Jodie Devos (soprano), Brussels Philharmonic/Pierre Bleuse (Alpha Classics)

Our rating

3

Published: October 4, 2022 at 2:14 pm

Bijoux perdus Arias etc by Meyerbeer, Ambroise Thomas, Donizetti, Massé, Halévy, Adam, Auber Jodie Devos (soprano), Brussels Philharmonic/Pierre Bleuse Alpha Classics ALPHA 877 64:33 mins

The Belgian-born light soprano pays tribute to one of her predecessors – Marie Cabel (1827-85), star of the Théâtre-Lyrique and the Opéra-Comique in Paris and creator of numerous roles, notably Dinorah in Meyerbeer’s Le pardon de Ploërmel (1859) and Philine in Ambroise Thomas’s Mignon (1866). Established solos from the latter operas – ‘Ombre légère’ (aka The Shadow Song) and the polonaise ‘Je suis Titania’ – feature alongside mostly forgotten pieces from works by those composers and their peers.

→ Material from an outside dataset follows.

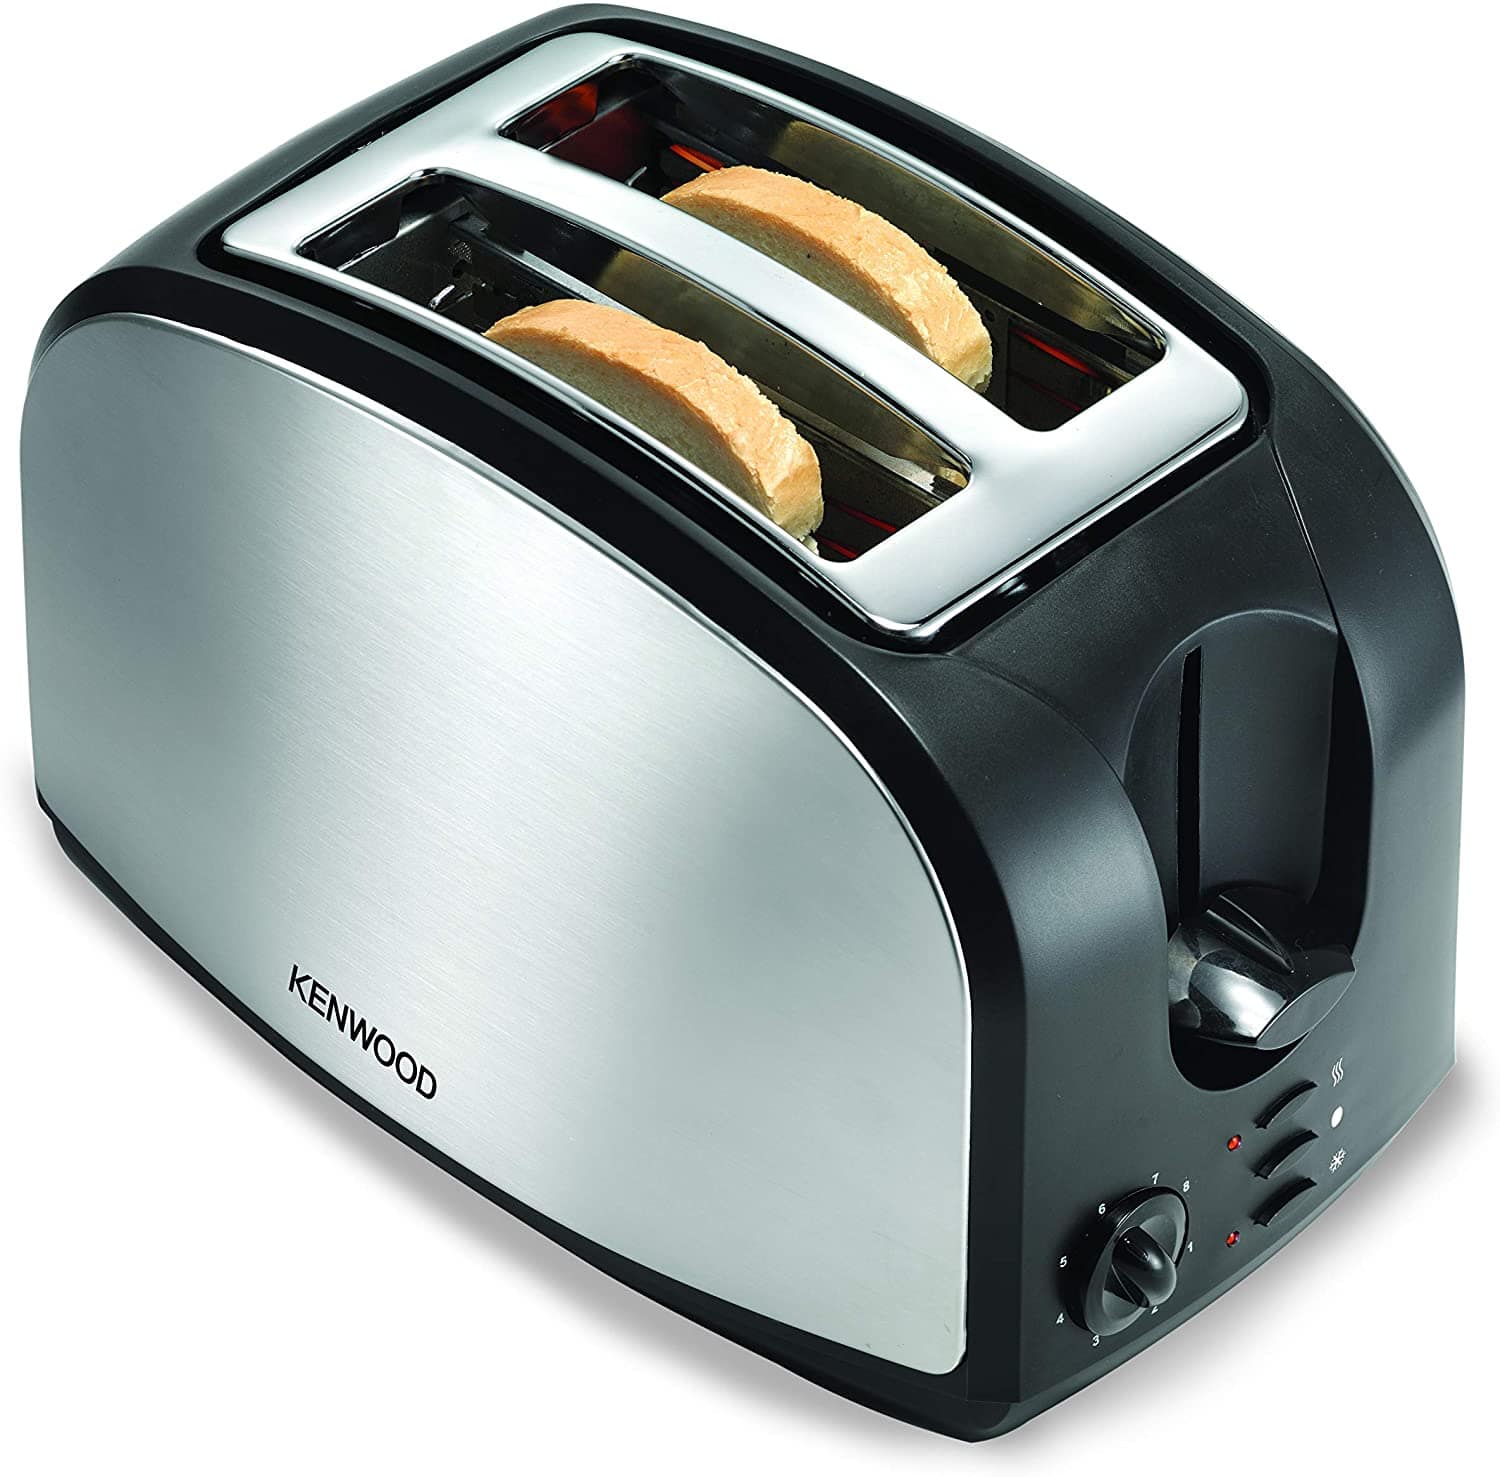 Kenwood 2 Slice Toaster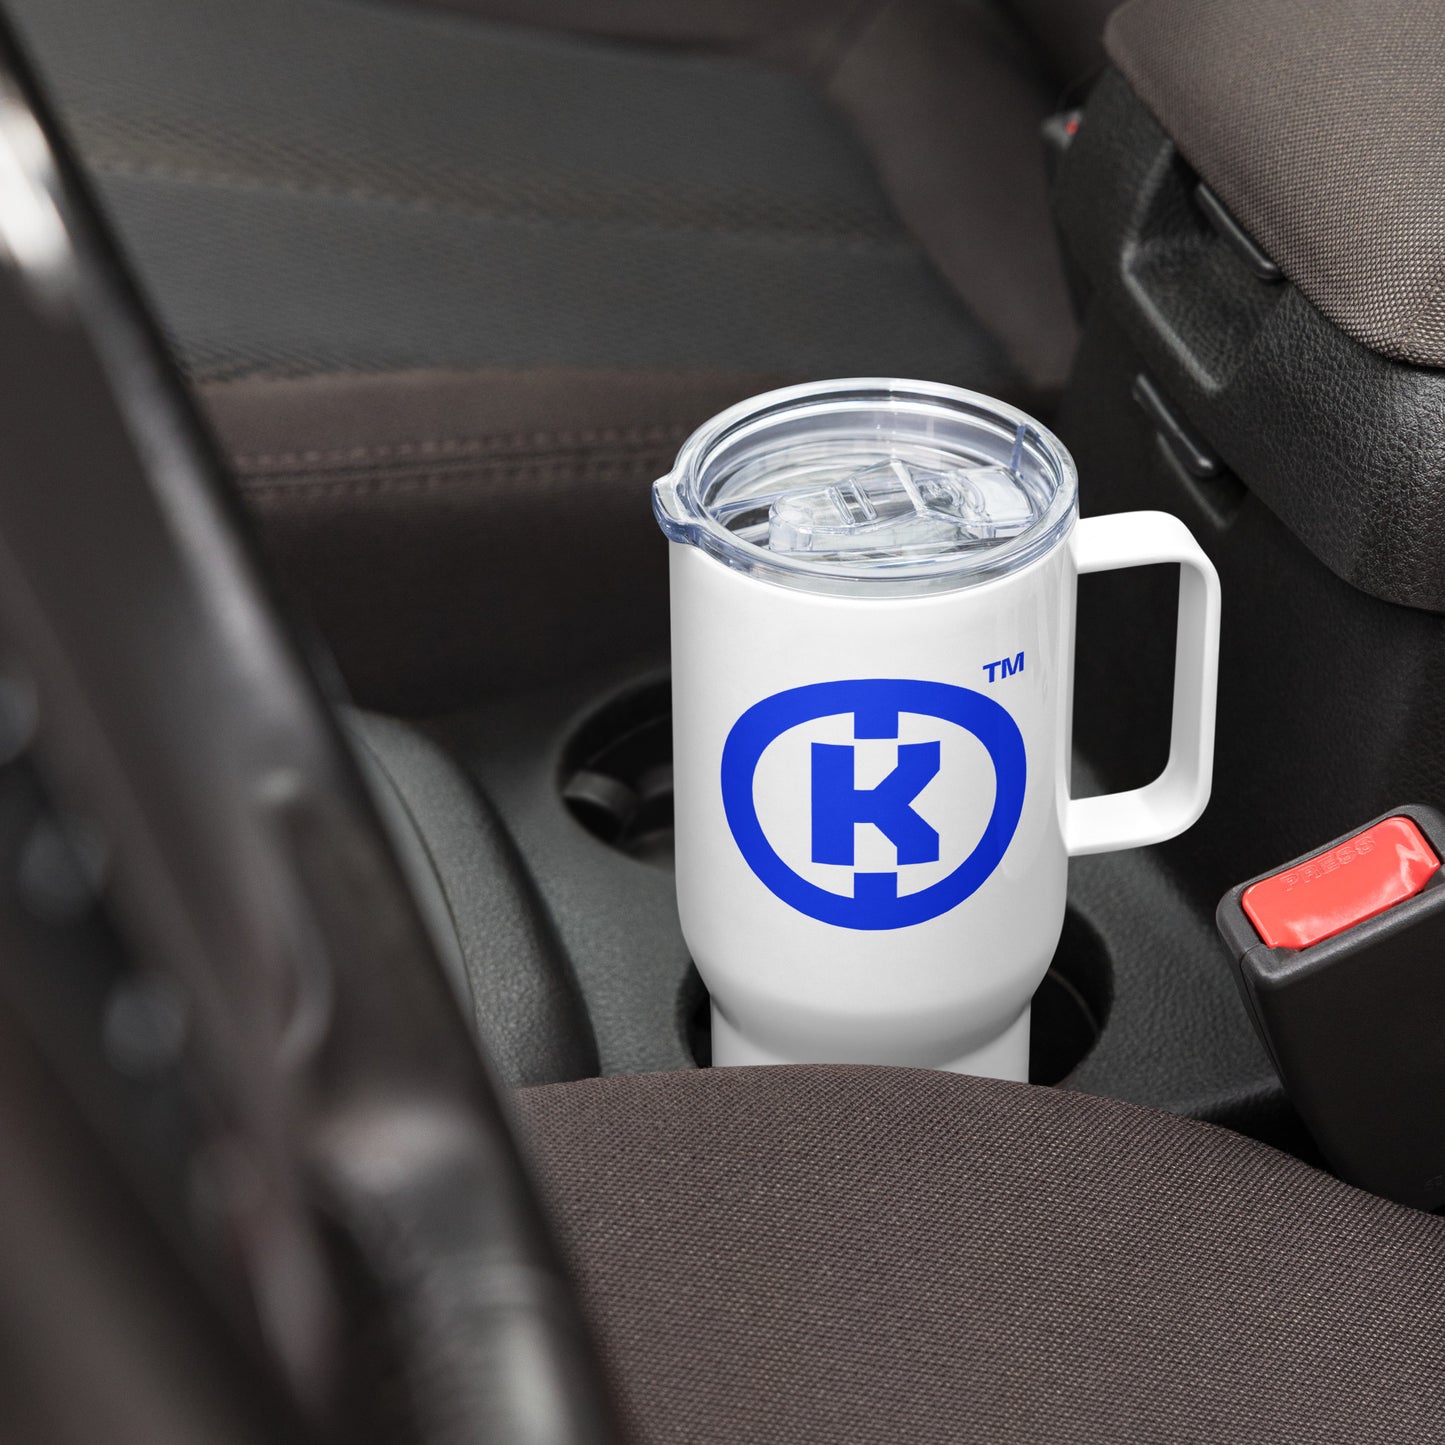 KURUMA "K" Travel mug with a handle

With her small, neat, exact voice and clear diction, Jodie Devos is well suited to such material, which she articulates clearly, getting around the notes with considerable fluency – if with a certain self-consciousness. There’s an appealing tang to the tone and an ability to fine the tone down where necessary. Occasionally there’s a shade of effort: one is not meant to know how difficult such pieces as Philine’s solo actually are, while this is not a voice capable of a great colouristic range.

Worthwhile discoveries include a sequence of numbers from Halévy’s mildly anti-Imperialist Jaguarita L’indienne (1855); two arias in which Elizabeth I determines to save the drunken Shakespeare from himself in Thomas’s Le songe d’une nuit d’été (1850); a fine number from Auber’s Manon Lescaut (1856), and two from Meyerbeer’s L’Étoile du Nord (1854) in which Devos shows off a good trill. The Brussels Philharmonic plays well, conducted with flexibility by Pierre Bleuse.